The P. aeruginosa PAO1 strain used for the in vitro experiments with biofilms was obtained from the Pseudomonas Genetic Stock Center (www.ecu.edu/pseudomonas; strain PAO0001). This PAO1 isolate has served as the DNA source for the Pseudomonas Genome Project (www.pseudomonas.com) and, subsequently, as a template for the design of the P. aeruginosa GeneChip (Affymetrix). Construction of an isogenic {Delta}lasR {Delta}rhlR mutant was described previously (Bjarnsholt et al., 2005). For green fluorescent protein (GFP) tagging of the bacteria, we used the constitutively expressed, stable GFP on the plasmid pMRP9. The P. aeruginosa used for in vivo experiments was obtained from Professor B. Iglewski, University of Rochester Medical Center, New York, USA.

Preparation of garlic extract.
The garlic extract used in all the experiments was prepared, evaluated and found to have no growth inhibitory effect on P. aeruginosa, as described previously (Rasmussen et al., 2005).

Biofilms.
Biofilms were cultivated in continuous-culture once-through flow chambers, perfused with sterile ABtrace minimal medium containing 0·3 mM glucose as described previously (Christensen et al., 1999). The pump was set to 3 ml h–1. Garlic extract (2·0 %, v/v) was added to medium as appropriate. The concentration of garlic extract used was the concentration that inhibits QS the most without inhibiting growth. The preparation and concentration calibration of the garlic extract was performed as described previously (Rasmussen et al., 2005). Biofilm development was examined by scanning confocal laser microscopy (SCLM) using a Zeiss LSM 510 system equipped with an argon laser and a helium-neon laser for excitation of fluorophores. Simulated projections and vertical cross-sections of the biofilms were generated with the Imaris software package (Bitplane). Images were further processed with Photoshop software (Adobe).

Preparation of PMNs.
Human blood samples were obtained from normal healthy volunteers, by venous puncture, and collected in BD vacutainers coated with heparin and lithium (Becton-Dickinson, 388330). The blood was mixed with dextran (T-500) 1 : 5 and the erythrocytes were sedimented for 40 min. The supernatant was applied to Lymphoprep (Axis-Shield) and centrifuged at 2200 r.p.m. for 15 min at 5 °C. The supernatant was discarded and the neutrophils were treated with 2 ml 0·2 % NaCl in order to lyse remaining erythrocytes. Lysis was terminated by adding 2 ml 1·6 % NaCl and 6 ml Eagle-MEM (Bie & Berntsen). The cells were centrifuged at 350 g for 10 min at 5 °C, the supernatant was discarded and the PMNs were resuspended in Eagle-MEM.

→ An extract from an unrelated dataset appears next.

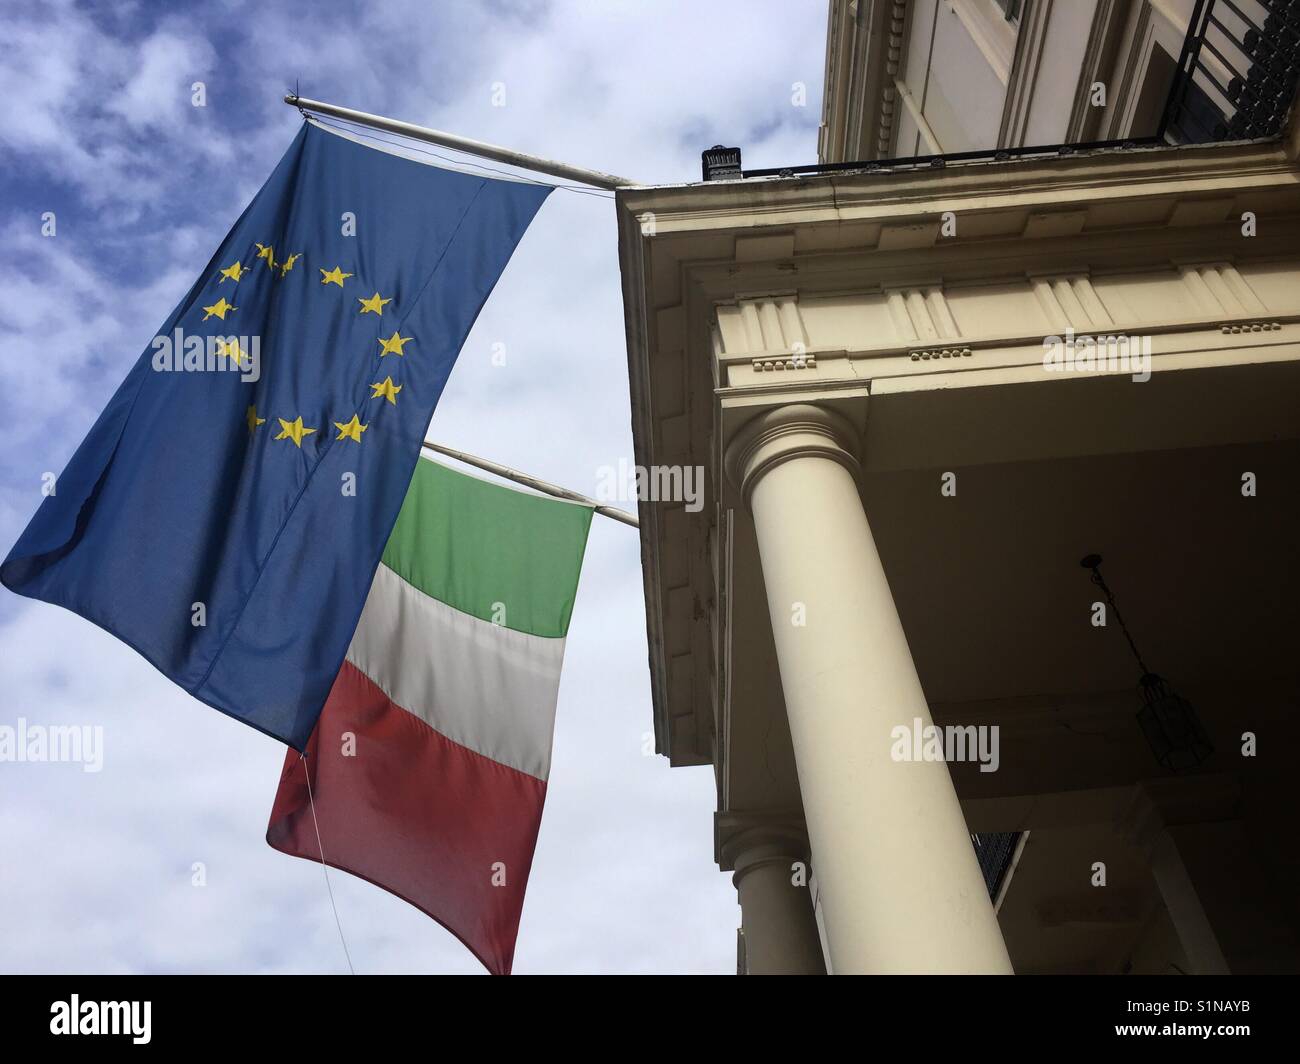 An EU flag flies next to the Italian flag outside a government building in London Stock Photo

PMN treatment of biofilms.
In order to inoculate PMNs into the biofilm chambers, the flow was stopped and the flow cells clamped off. PMNs in the order of 1·5x106 were inoculated in each flow channel. The flow cells were incubated top down in a 37 °C water bath, with shaking, until microscopic inspection.

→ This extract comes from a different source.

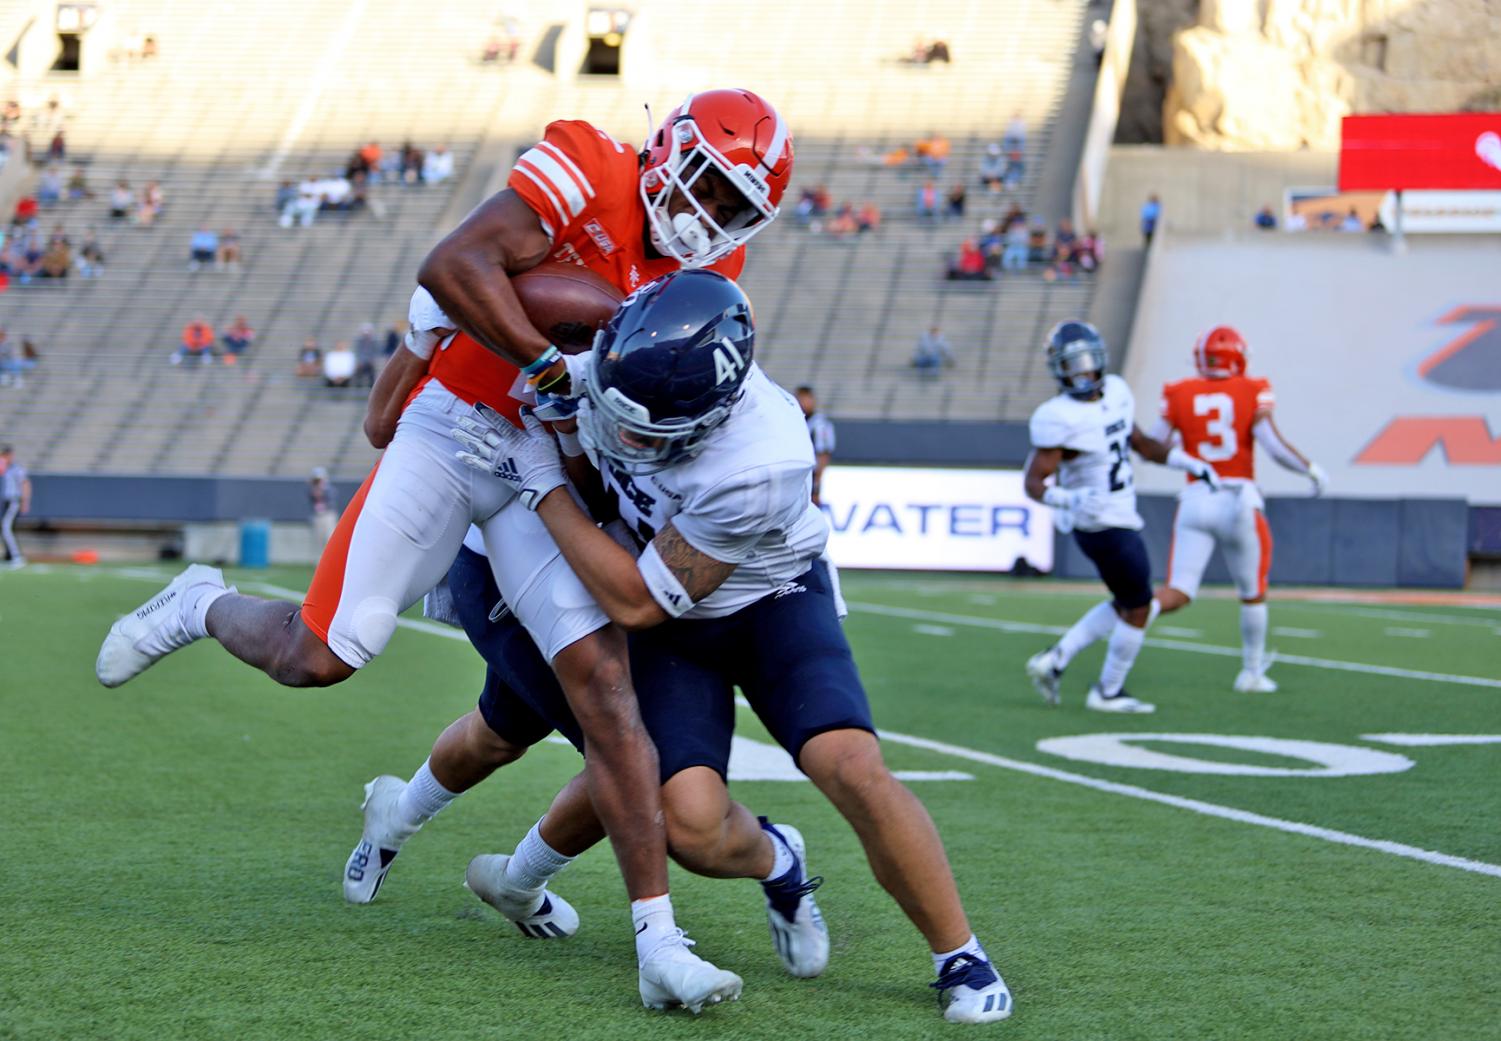 UTEP+Miners+rally+past+Rice+Owls

Monitoring the oxidative burst of PMNs.
The PMNs were incubated for approximately 30 min in Eagle-MEM (10x106 cells ml–1) with 10 % normal human AB serum, 5 µM SYTO 62 (Molecular Probes), to stain the nuclei (dsDNA), and 0·1 mg 123-dihydrorhodamine ml–1 (Sigma), to stain the H2O2 in the phagosomes (Bassøe et al., 2003). A 100 µl quantity of the PMN mixture was added to each biofilm.

Animals.
Female BALB/c mice were purchased from M & B Laboratory Animals at 10 to 11 weeks of age. The mice were of equal size and were maintained on standard mouse chow and water ad libitum for one week before challenge. All animal experiments were authorised by the National Animal Ethics Committee.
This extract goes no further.